Dylan shook his head. Not only was he stuck on a deserted island with a mermaid, but she was hot, French and sassy. And she had him apologizing already. He admired her pluck, not to mention her resourcefulness. She had a fire, a determination and grit that made him smile.
“I’m sorry,” he said. “I didn’t mean to sound ungrateful.”
She arched one blonde eyebrow. “Now you want me to fix the cuts?”
He nodded. “Do we have any rum?”
Syreena smiled. “Unfortunately the pirates didn’t leave any
on this island.”
“Promise to be gentle?”
She nodded. “As a butterfly.”
Dylan’s leg hurt like hell. His head throbbed as if it were being sliced open with a spoon but if he had to go overboard, there were much worse places to wind up. Especially when he figured in the French Factor.
He chuckled to himself.
“What’s so funny?”
“Nothing. Just how impossible this seems. Like something out of a story book.”
Syreena exhaled. “I never thought it would be like this.”
Dylan lay back on the sand and stretched his forearm across his eyes to shield them from the blistering sun. “What do you mean?”
“It’s been so long since I’ve seen another human. I’m just in a little bit of shock.”
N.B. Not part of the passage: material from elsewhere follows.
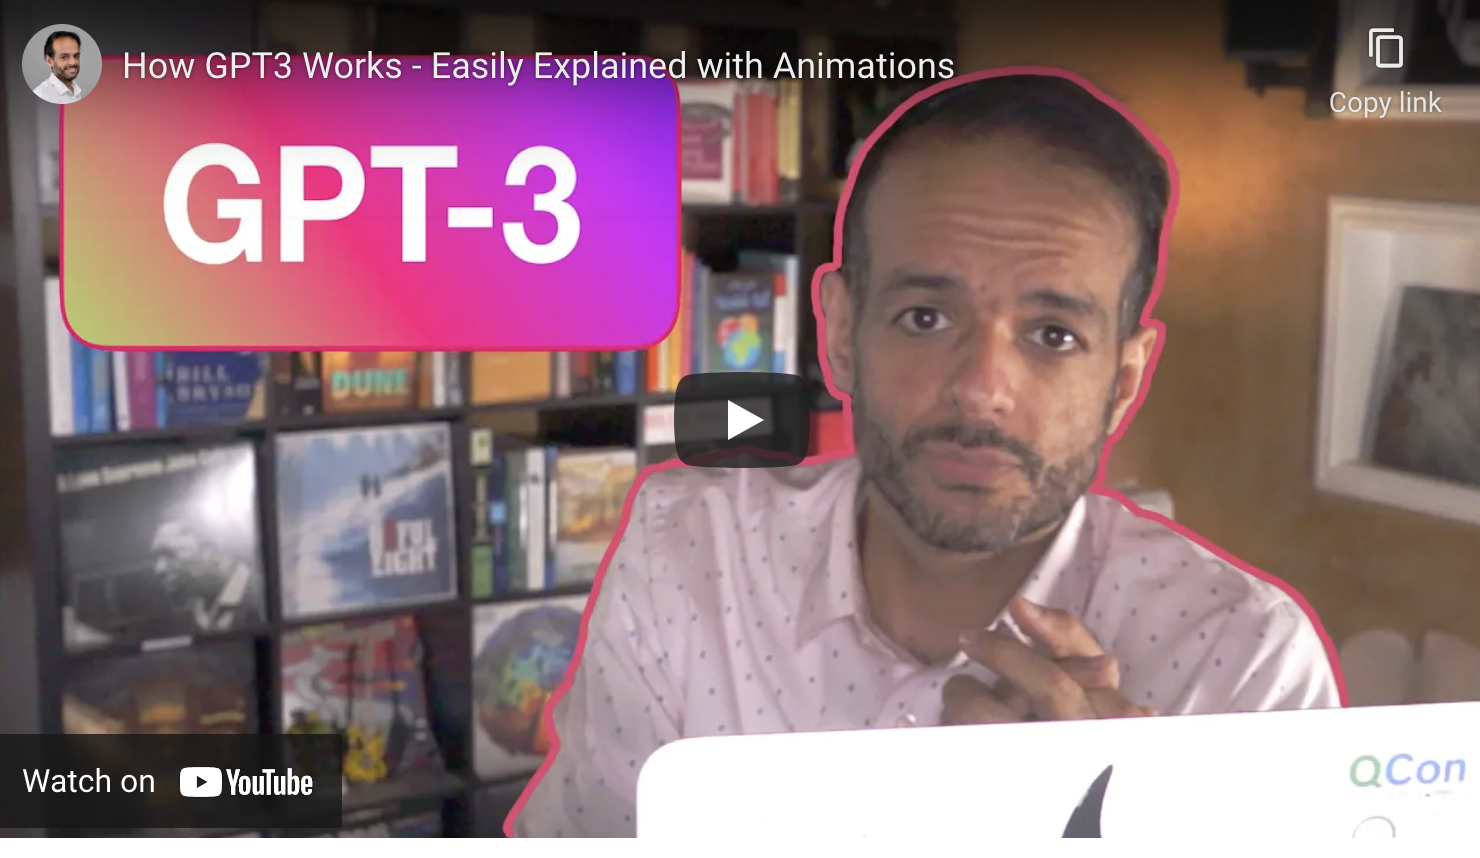 How_GPT3_Works_-_Easily_Explained_with_Animations.png

“You’re in shock?” he asked. He opened his eyes and looked over at her. “How about me?”
*****
Dylan knew she was right. He ran his index finger along the jagged edge of the cut and winced at the sting. He couldn’t risk blood loss out here. He couldn’t risk infection either. He picked up one of the quills and poked the end of his finger with it. When a small bead of blood appeared, he was convinced it was sharp enough.
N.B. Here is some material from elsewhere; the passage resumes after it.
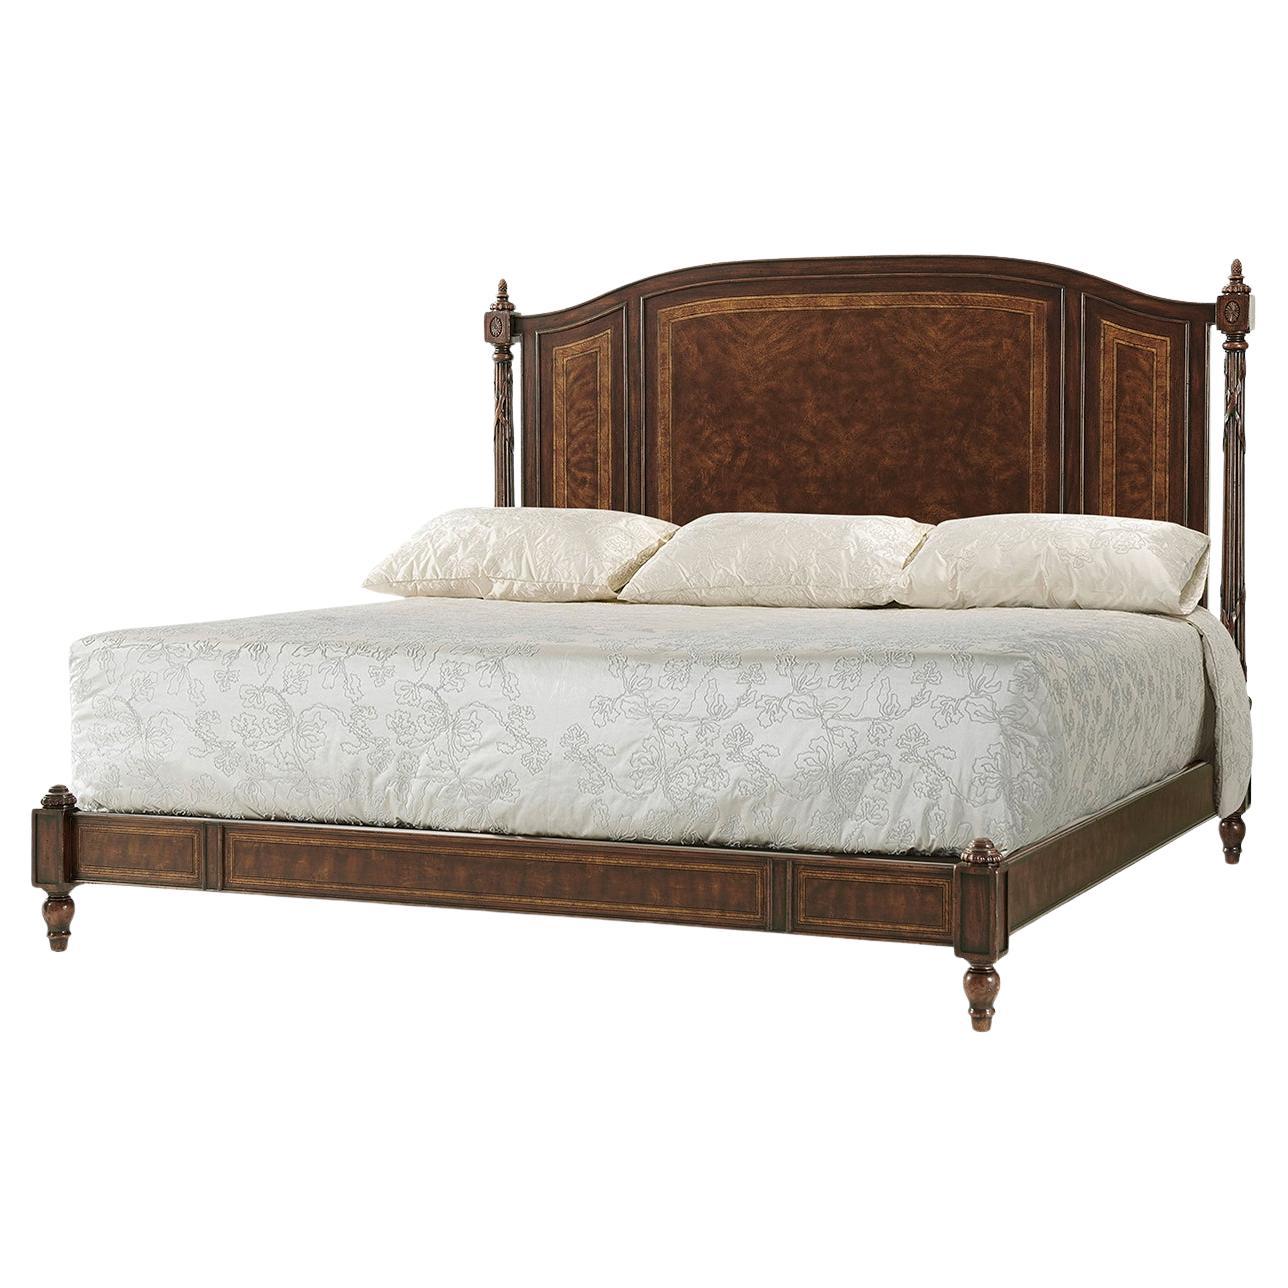 Classical Polished King Size Bed

“Bootlace?” he asked, holding up the thin black thread.
“Yes. They were made of several strands twisted together. I separated them. The thread seems to be pretty strong. I think it will hold long enough to help your leg heal.”
Nylon. He was sure of it. While he’d never thought much about the makeup of boot laces, he was glad they weren’t cotton. Natural fibers would break down quickly and might cause more infection.
Syreena retrieved the quills and the thread. Her hands were small and delicate. He tried to ignore the heat of her touch. “We might as well do it now. Then you can sleep,” she said.
“Leg only. Leave the one on my forehead alone.”
She nodded. “It might scar.”
“I can live with that.” Dylan grimaced. “I can’t imagine how this is going to hurt.”
“Don’t imagine. It will only make it worse,” she said. Syreena walked to the water’s edge and rinsed the quill. It was already as clean as it could be under the circumstance but she didn’t want a grain of sand to get into the cut. “I will be quick. I promise.”